An Achilles number is a number that is powerful but not a perfect power. A positive integer n is a powerful number if, for every prime factor p of n, p^{2} is also a divisor. In other words, every prime factor appears at least squared in the factorization. All Achilles numbers are powerful. However, not all powerful numbers are Achilles numbers. Powerful numbers that can be represented as m^{k}, where m and k are positive integers greater than 1 are not Achilles numbers.

Achilles numbers were named by Henry Bottomley after Achilles, a hero of the Trojan War, who was also powerful but imperfect.
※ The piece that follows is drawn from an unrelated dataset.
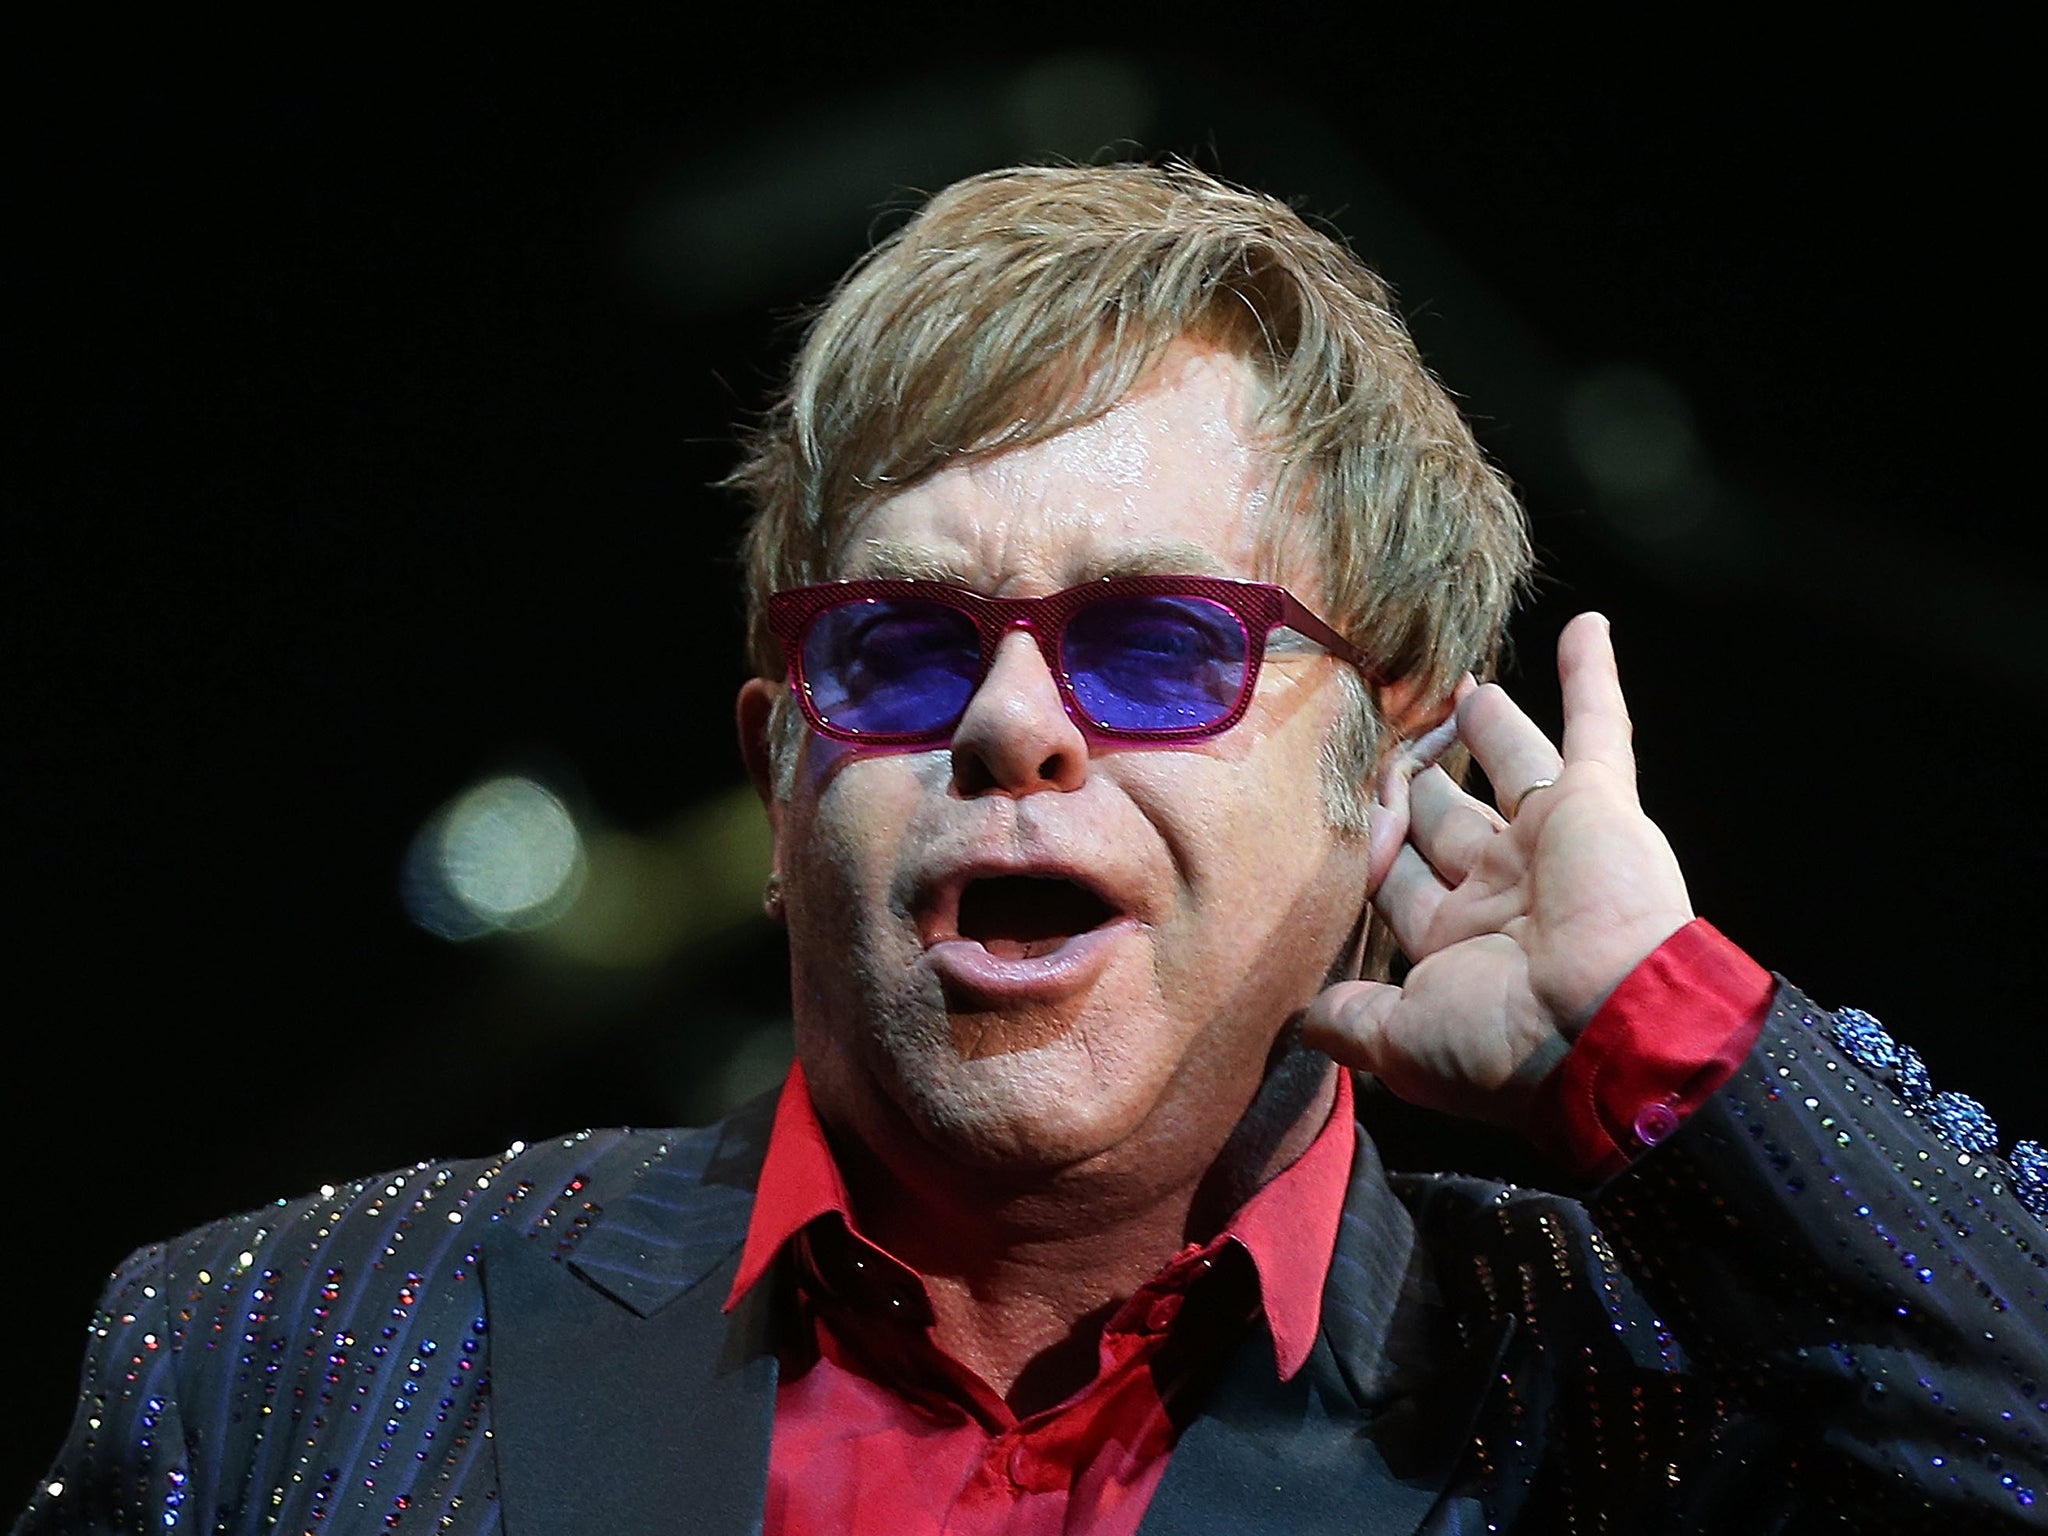 Sir Elton used his Instagram page to share his alarm and frustration at Mayor Luigi Brugnaro's 'divisive' move
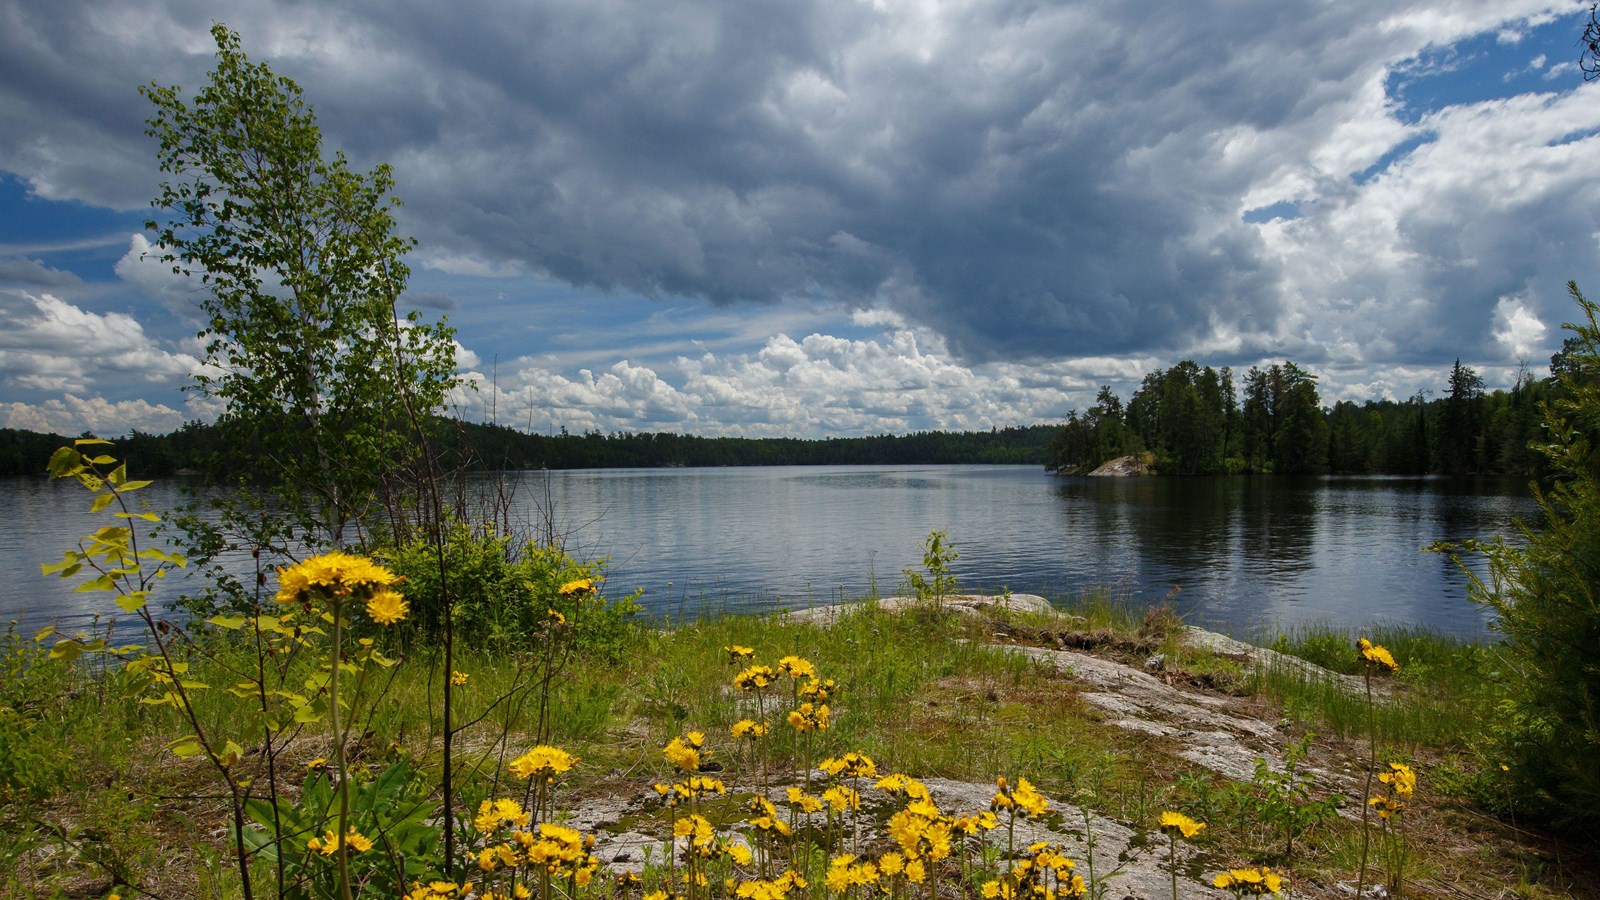 A view of a lake on an overcast day. Yellow flowers are in the foreground on a rocky shoreline.

Strong Achilles numbers are Achilles numbers whose Euler totients are also Achilles numbers; the smallest are 500 and 864.

==Sequence of Achilles numbers==
A number n = p_{1}^{a_{1}}p_{2}^{a_{2}}…p_{k}^{a_{k}} is powerful if min(a_{1}, a_{2}, …, a_{k}) ≥ 2. If in addition gcd(a_{1}, a_{2}, …, a_{k}) = 1 the number is an Achilles number.

The Achilles numbers up to 5000 are:
72, 108, 200, 288, 392, 432, 500, 648, 675, 800, 864, 968, 972, 1125, 1152, 1323, 1352, 1372, 1568, 1800, 1944, 2000, 2312, 2592, 2700, 2888, 3087, 3200, 3267, 3456, 3528, 3872, 3888, 4000, 4232, 4500, 4563, 4608, 5000 .

The sequence grows as O(n^{2}/log log n), and the sum of reciprocals is approximately 0.069132.

The smallest pair of consecutive Achilles numbers is:

 5425069447 = 7^{3} × 41^{2} × 97^{2}
 5425069448 = 2^{3} × 26041^{2}

==Examples==
As an example, 108 is a powerful number. Its prime factorization is 2^{2} · 3^{3}, and thus its prime factors are 2 and 3. Both 2^{2} = 4 and 3^{2} = 9 are divisors of 108. However, 108 cannot be represented as m^{k}, where m and k are positive integers greater than 1, so 108 is an Achilles number.

The integer 360 is not an Achilles number because it is not powerful. One of its prime factors is 5 but 360 is not divisible by 5^{2} = 25 and leaves a remainder of 10.

On the contrary, 784 is not an Achilles number. It is a powerful number, because not only are 2 and 7 its only prime factors, but also 2^{2} = 4 and 7^{2} = 49 are divisors of it. It is a perfect power:

$784=2^4 \cdot 7^2 = (2^2)^2 \cdot 7^2 = (2^2 \cdot 7)^2 = 28^2. \,$

So it is not an Achilles number.

The integer 500 = 2^{2} × 5^{3} is a strong Achilles number as its Euler totient of 200 = 2^{3} × 5^{2} is also an Achilles number.

Another case is that of 72, which is the only Achilles number from 1 to 100.
Since 72 = 2^{3} × 3^{2} and its not a perfect power, 72 is an Achilles number.